§ **Exercise instructions**: Copy each line, word for word, from the one with "Qatar Arabian Trophies" through the final line of the listing, but skip the pictures.

§ **Given data**:
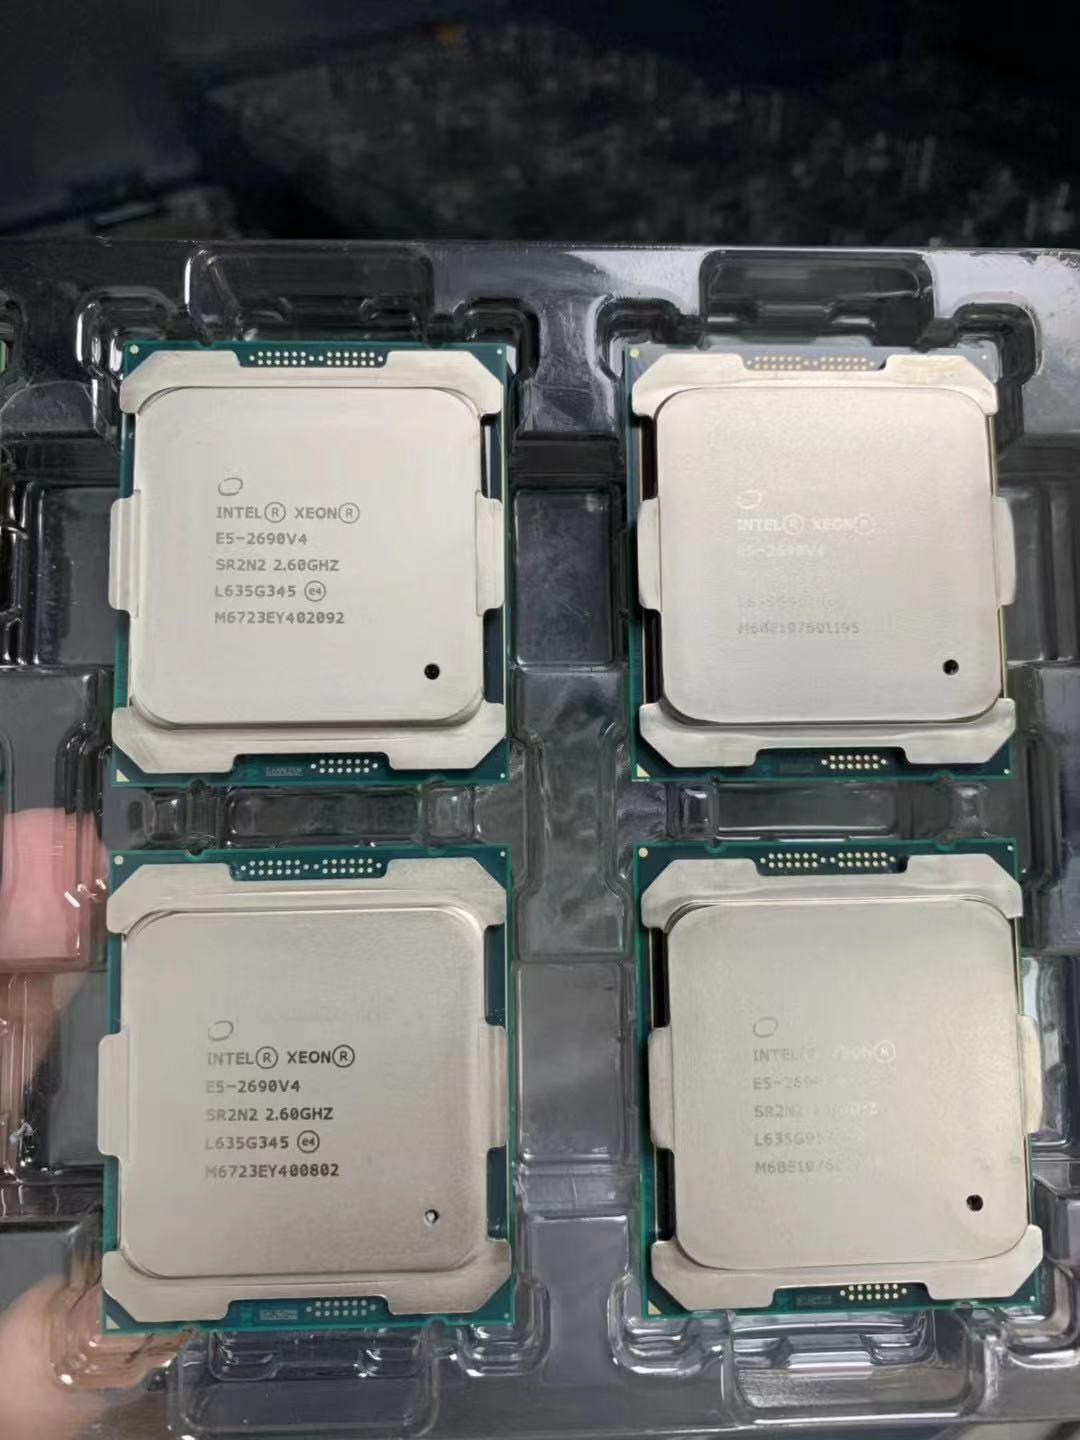 Intel Xeon e5-2690 v4 CPU processor 2.60 GHz 14-Core sr2n2 lga2011-v3 x99 server
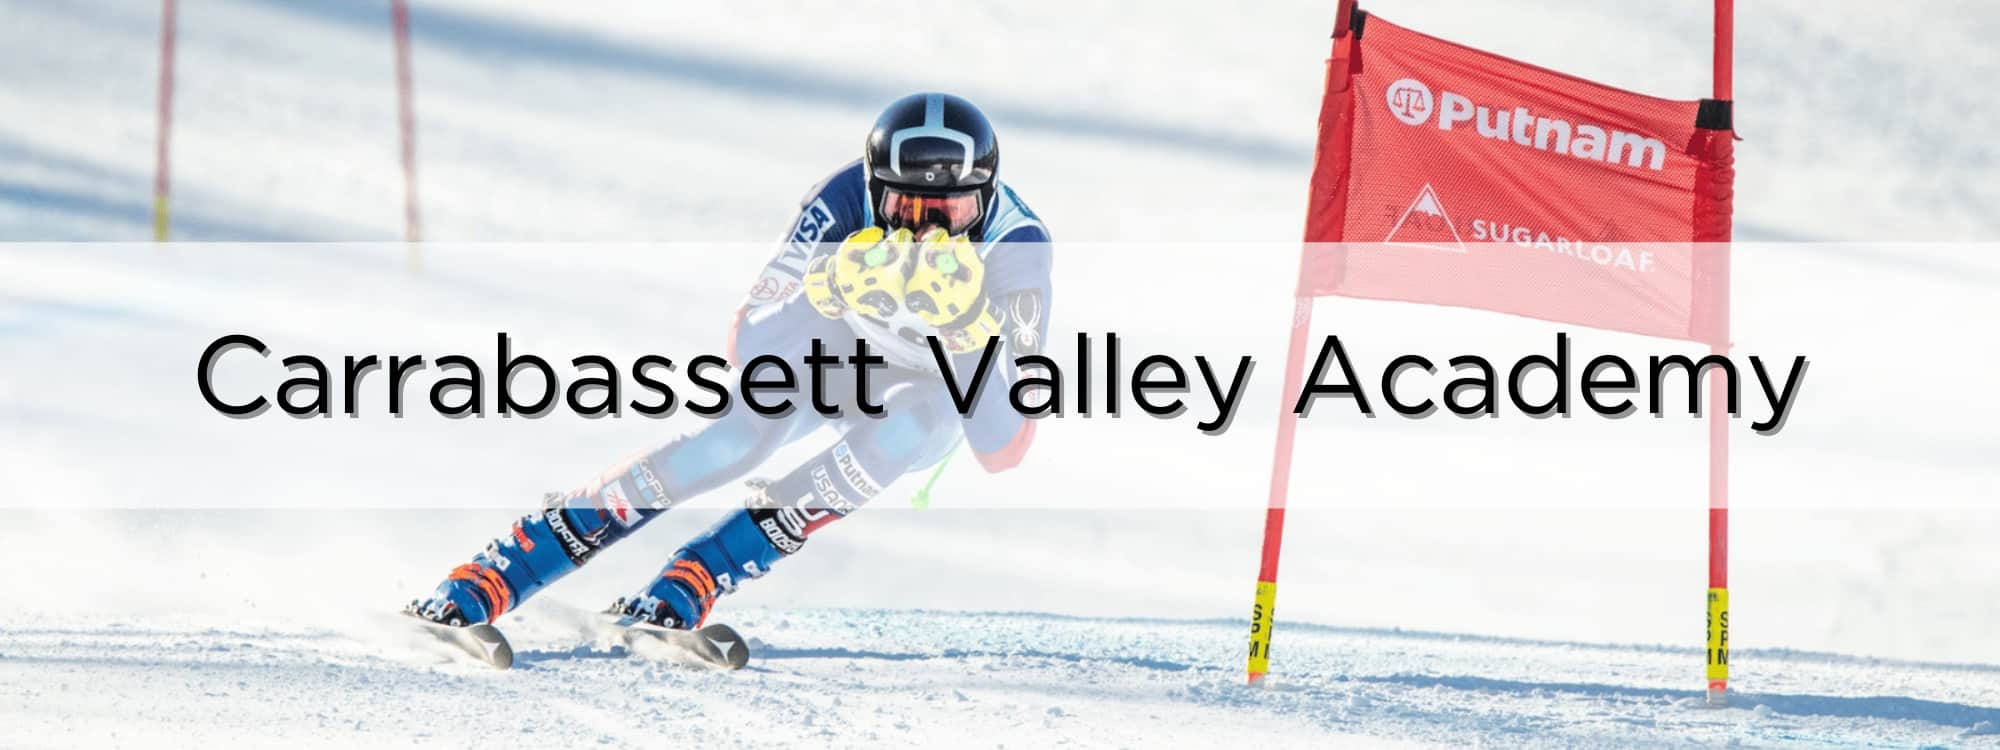 Carrabassett Valley Academy-CVA-Ski racer carving around a gate at Sugarloaf, Maine.
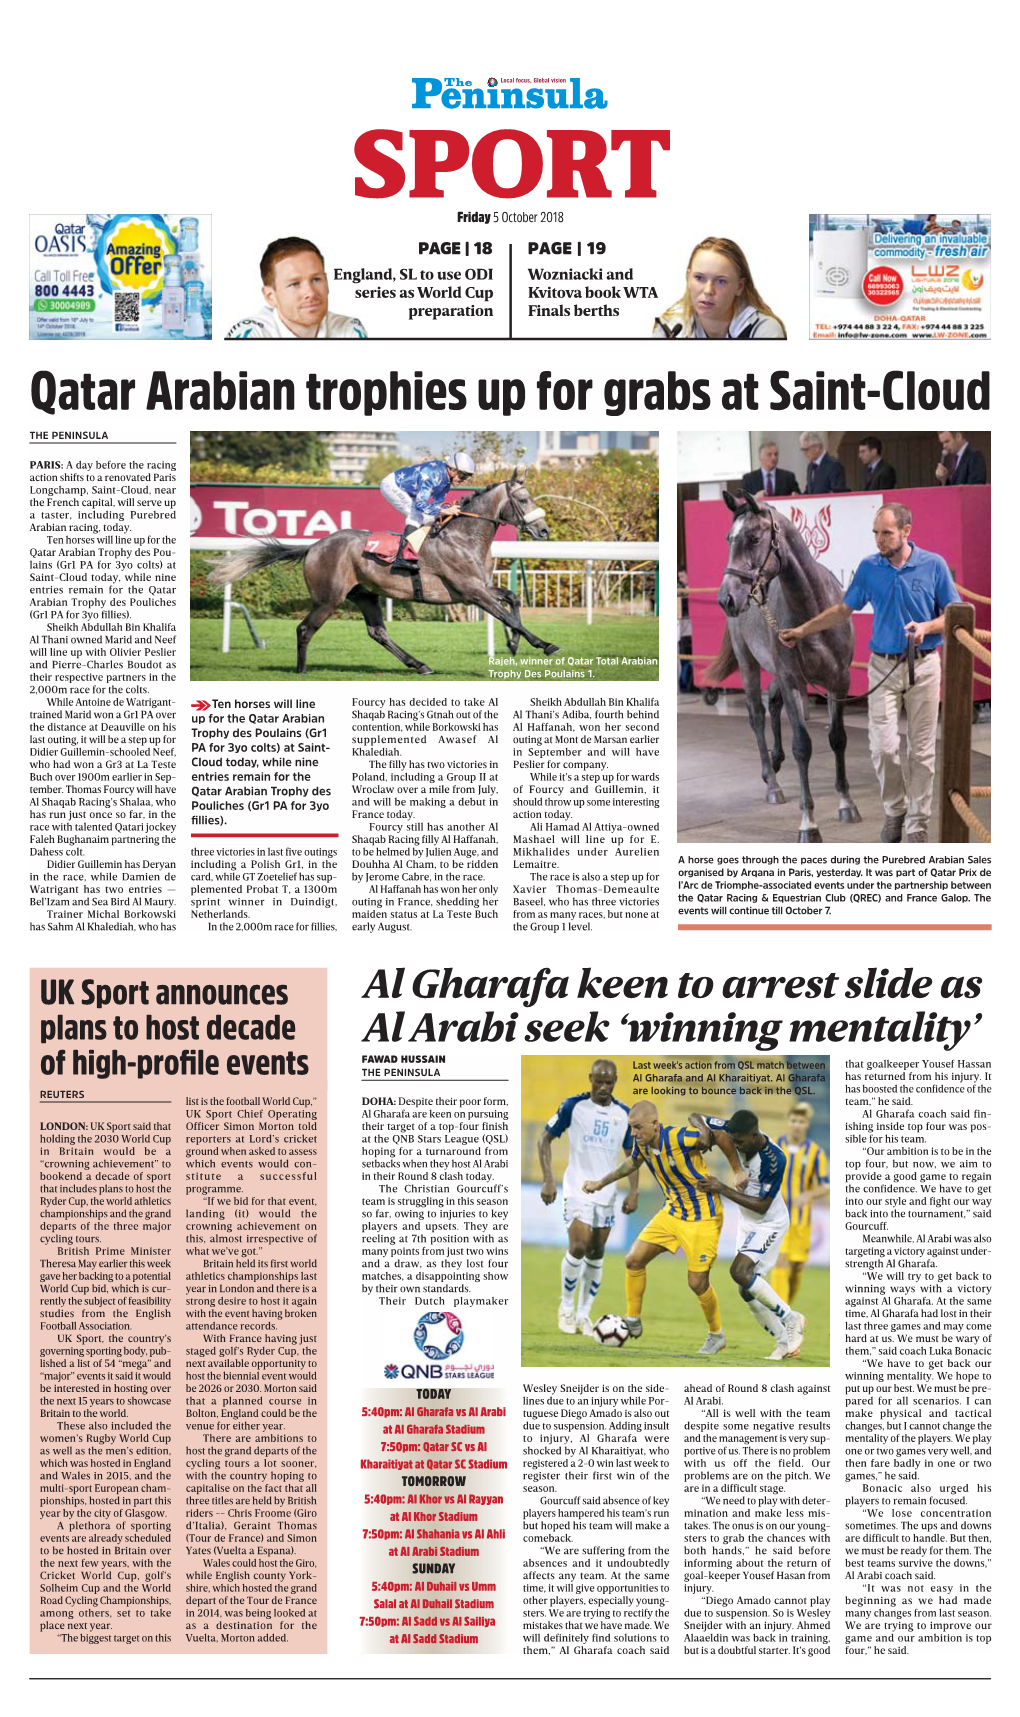 Qatar Arabian Trophies up for Grabs at Saint-Cloud
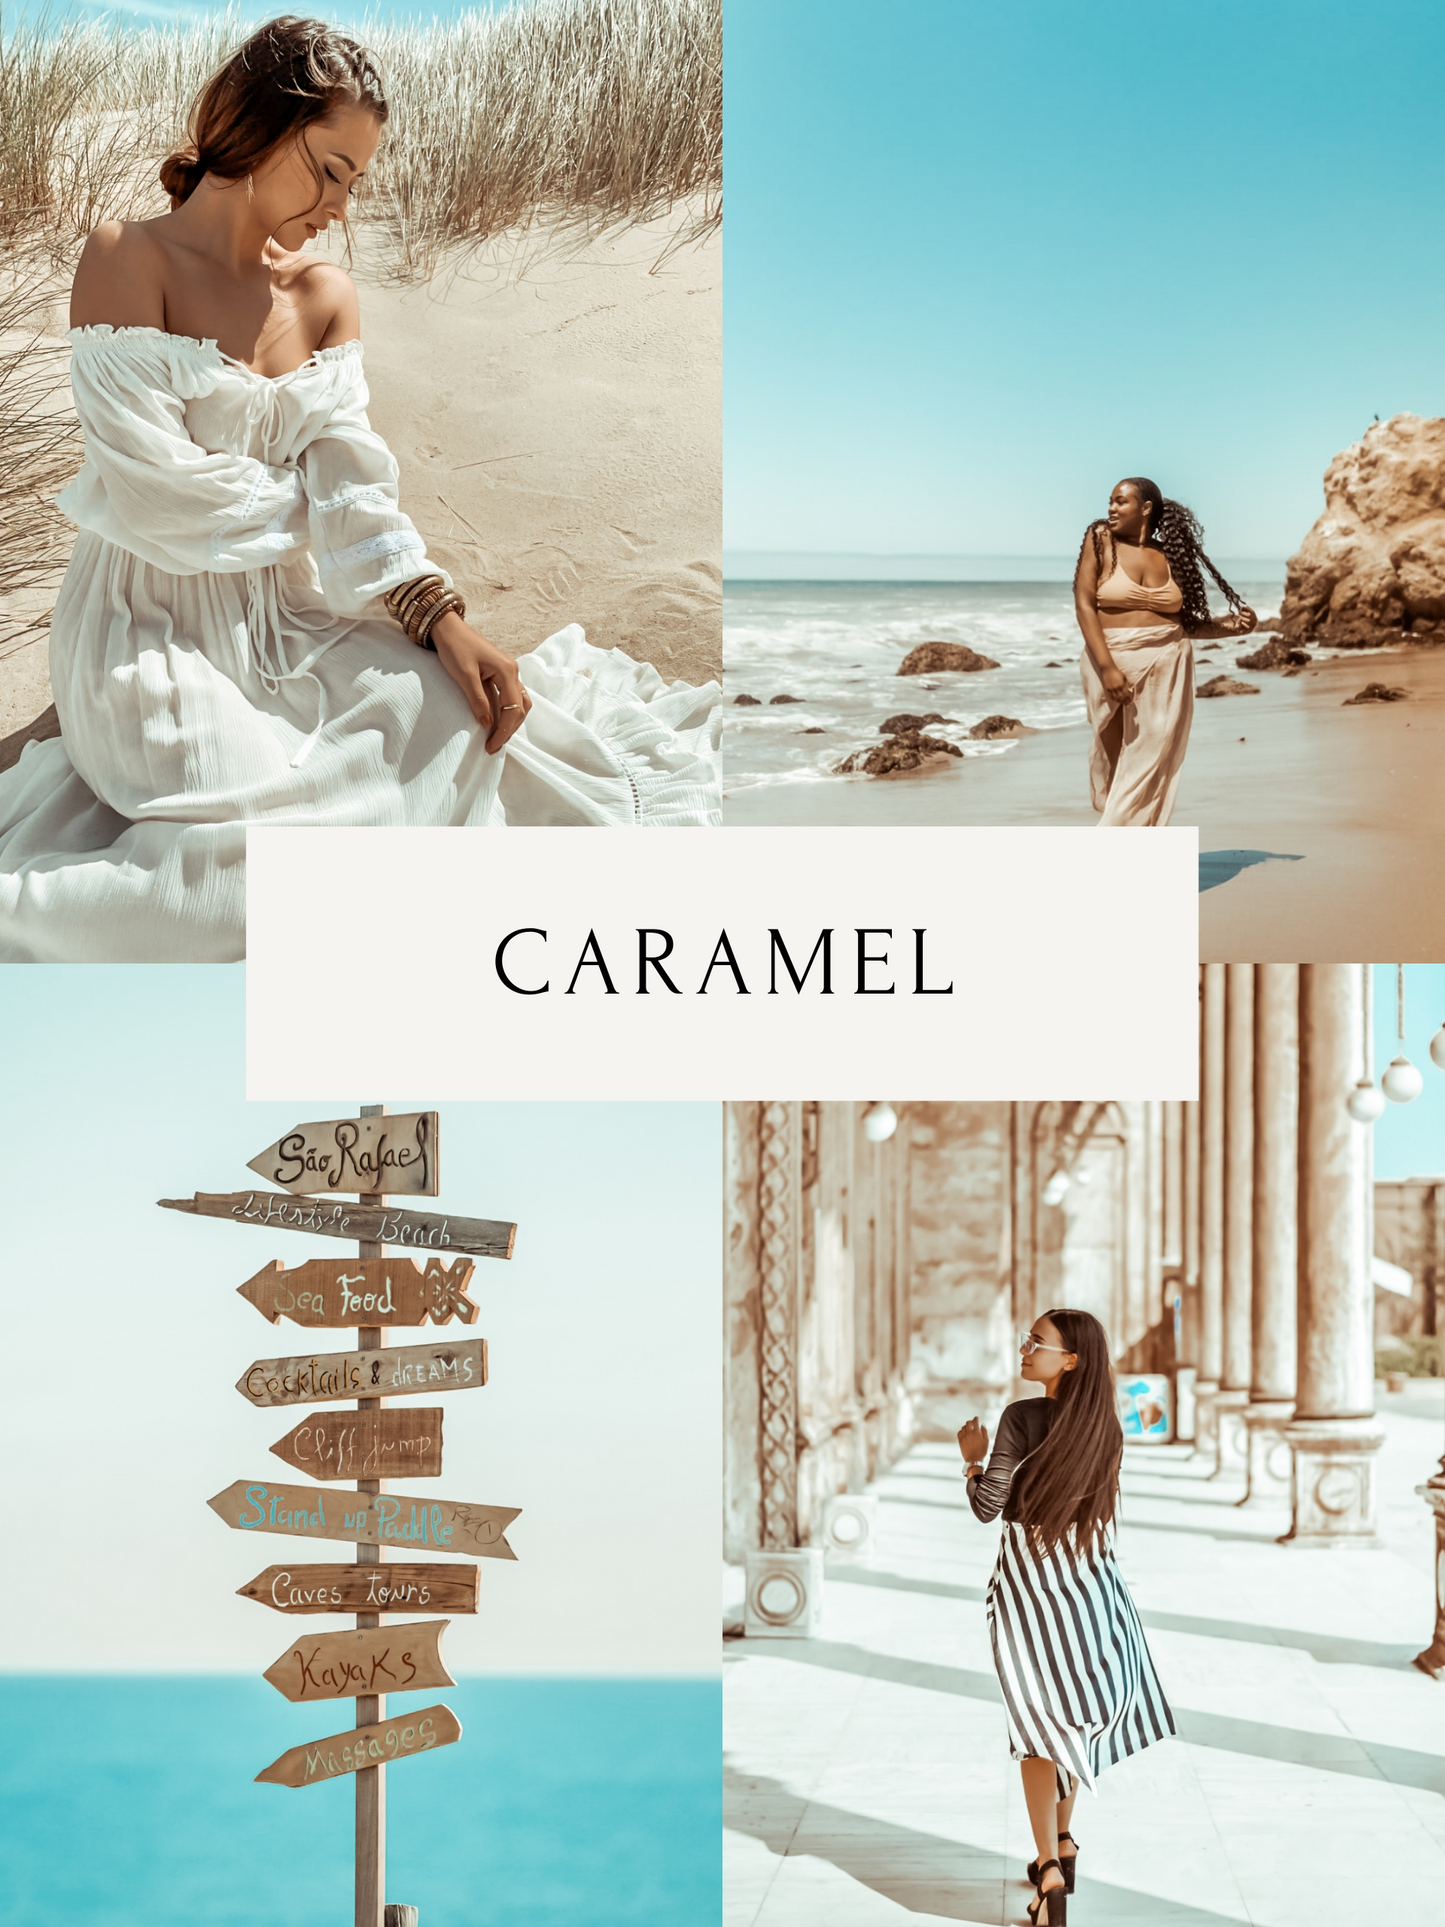 Caramel - One Click Filter

§ **Written response**:
 Qatar Arabian Trophies up for Grabs at Saint-Cloud
 Caramel - One Click Filter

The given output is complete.